## [Goal of the exercise]
What you return should match the data exactly, from the first line to the last.

The data section start

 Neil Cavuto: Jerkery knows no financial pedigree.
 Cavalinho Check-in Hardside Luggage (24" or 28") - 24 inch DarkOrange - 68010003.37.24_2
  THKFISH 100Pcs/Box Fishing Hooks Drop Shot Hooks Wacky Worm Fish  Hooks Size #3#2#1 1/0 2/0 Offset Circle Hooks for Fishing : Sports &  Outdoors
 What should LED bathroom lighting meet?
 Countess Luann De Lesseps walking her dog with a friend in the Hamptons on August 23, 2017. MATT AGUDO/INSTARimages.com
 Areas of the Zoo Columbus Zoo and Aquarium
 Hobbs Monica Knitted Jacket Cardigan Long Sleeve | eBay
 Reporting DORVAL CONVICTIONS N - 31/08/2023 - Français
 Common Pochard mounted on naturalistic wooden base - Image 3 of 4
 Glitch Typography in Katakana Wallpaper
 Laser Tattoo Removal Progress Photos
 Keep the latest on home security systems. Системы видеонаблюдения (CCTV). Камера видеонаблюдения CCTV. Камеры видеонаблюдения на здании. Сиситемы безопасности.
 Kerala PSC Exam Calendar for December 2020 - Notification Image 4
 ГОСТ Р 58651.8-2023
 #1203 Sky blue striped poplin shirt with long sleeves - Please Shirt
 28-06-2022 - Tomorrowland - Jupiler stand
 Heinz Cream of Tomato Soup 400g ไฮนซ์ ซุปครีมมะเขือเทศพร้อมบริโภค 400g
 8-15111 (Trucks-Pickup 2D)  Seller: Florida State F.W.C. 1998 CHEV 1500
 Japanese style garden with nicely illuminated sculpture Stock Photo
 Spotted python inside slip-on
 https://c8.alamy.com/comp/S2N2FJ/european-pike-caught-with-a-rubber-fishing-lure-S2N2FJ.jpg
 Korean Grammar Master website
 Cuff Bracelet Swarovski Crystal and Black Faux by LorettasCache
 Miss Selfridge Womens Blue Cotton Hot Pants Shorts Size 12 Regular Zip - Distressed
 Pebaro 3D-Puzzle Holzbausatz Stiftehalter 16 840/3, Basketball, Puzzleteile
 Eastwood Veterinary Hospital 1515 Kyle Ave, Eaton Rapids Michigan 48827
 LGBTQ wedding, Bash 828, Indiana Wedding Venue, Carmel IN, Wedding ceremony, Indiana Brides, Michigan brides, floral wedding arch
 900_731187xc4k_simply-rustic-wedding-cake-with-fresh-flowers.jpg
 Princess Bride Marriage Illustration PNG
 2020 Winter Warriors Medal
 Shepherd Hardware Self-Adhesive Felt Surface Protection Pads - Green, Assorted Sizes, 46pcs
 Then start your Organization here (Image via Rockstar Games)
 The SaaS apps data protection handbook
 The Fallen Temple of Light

The data section end

## [Finished exercise]
 Neil Cavuto: Jerkery knows no financial pedigree.
 Cavalinho Check-in Hardside Luggage (24" or 28") - 24 inch DarkOrange - 68010003.37.24_2
  THKFISH 100Pcs/Box Fishing Hooks Drop Shot Hooks Wacky Worm Fish  Hooks Size #3#2#1 1/0 2/0 Offset Circle Hooks for Fishing : Sports &  Outdoors
 What should LED bathroom lighting meet?
 Countess Luann De Lesseps walking her dog with a friend in the Hamptons on August 23, 2017. MATT AGUDO/INSTARimages.com
 Areas of the Zoo Columbus Zoo and Aquarium
 Hobbs Monica Knitted Jacket Cardigan Long Sleeve | eBay
 Reporting DORVAL CONVICTIONS N - 31/08/2023 - Français
 Common Pochard mounted on naturalistic wooden base - Image 3 of 4
 Glitch Typography in Katakana Wallpaper
 Laser Tattoo Removal Progress Photos
 Keep the latest on home security systems. Системы видеонаблюдения (CCTV). Камера видеонаблюдения CCTV. Камеры видеонаблюдения на здании. Сиситемы безопасности.
 Kerala PSC Exam Calendar for December 2020 - Notification Image 4
 ГОСТ Р 58651.8-2023
 #1203 Sky blue striped poplin shirt with long sleeves - Please Shirt
 28-06-2022 - Tomorrowland - Jupiler stand
 Heinz Cream of Tomato Soup 400g ไฮนซ์ ซุปครีมมะเขือเทศพร้อมบริโภค 400g
 8-15111 (Trucks-Pickup 2D)  Seller: Florida State F.W.C. 1998 CHEV 1500
 Japanese style garden with nicely illuminated sculpture Stock Photo
 Spotted python inside slip-on
 https://c8.alamy.com/comp/S2N2FJ/european-pike-caught-with-a-rubber-fishing-lure-S2N2FJ.jpg
 Korean Grammar Master website
 Cuff Bracelet Swarovski Crystal and Black Faux by LorettasCache
 Miss Selfridge Womens Blue Cotton Hot Pants Shorts Size 12 Regular Zip - Distressed
 Pebaro 3D-Puzzle Holzbausatz Stiftehalter 16 840/3, Basketball, Puzzleteile
 Eastwood Veterinary Hospital 1515 Kyle Ave, Eaton Rapids Michigan 48827
 LGBTQ wedding, Bash 828, Indiana Wedding Venue, Carmel IN, Wedding ceremony, Indiana Brides, Michigan brides, floral wedding arch
 900_731187xc4k_simply-rustic-wedding-cake-with-fresh-flowers.jpg
 Princess Bride Marriage Illustration PNG
 2020 Winter Warriors Medal
 Shepherd Hardware Self-Adhesive Felt Surface Protection Pads - Green, Assorted Sizes, 46pcs
 Then start your Organization here (Image via Rockstar Games)
 The SaaS apps data protection handbook
 The Fallen Temple of Light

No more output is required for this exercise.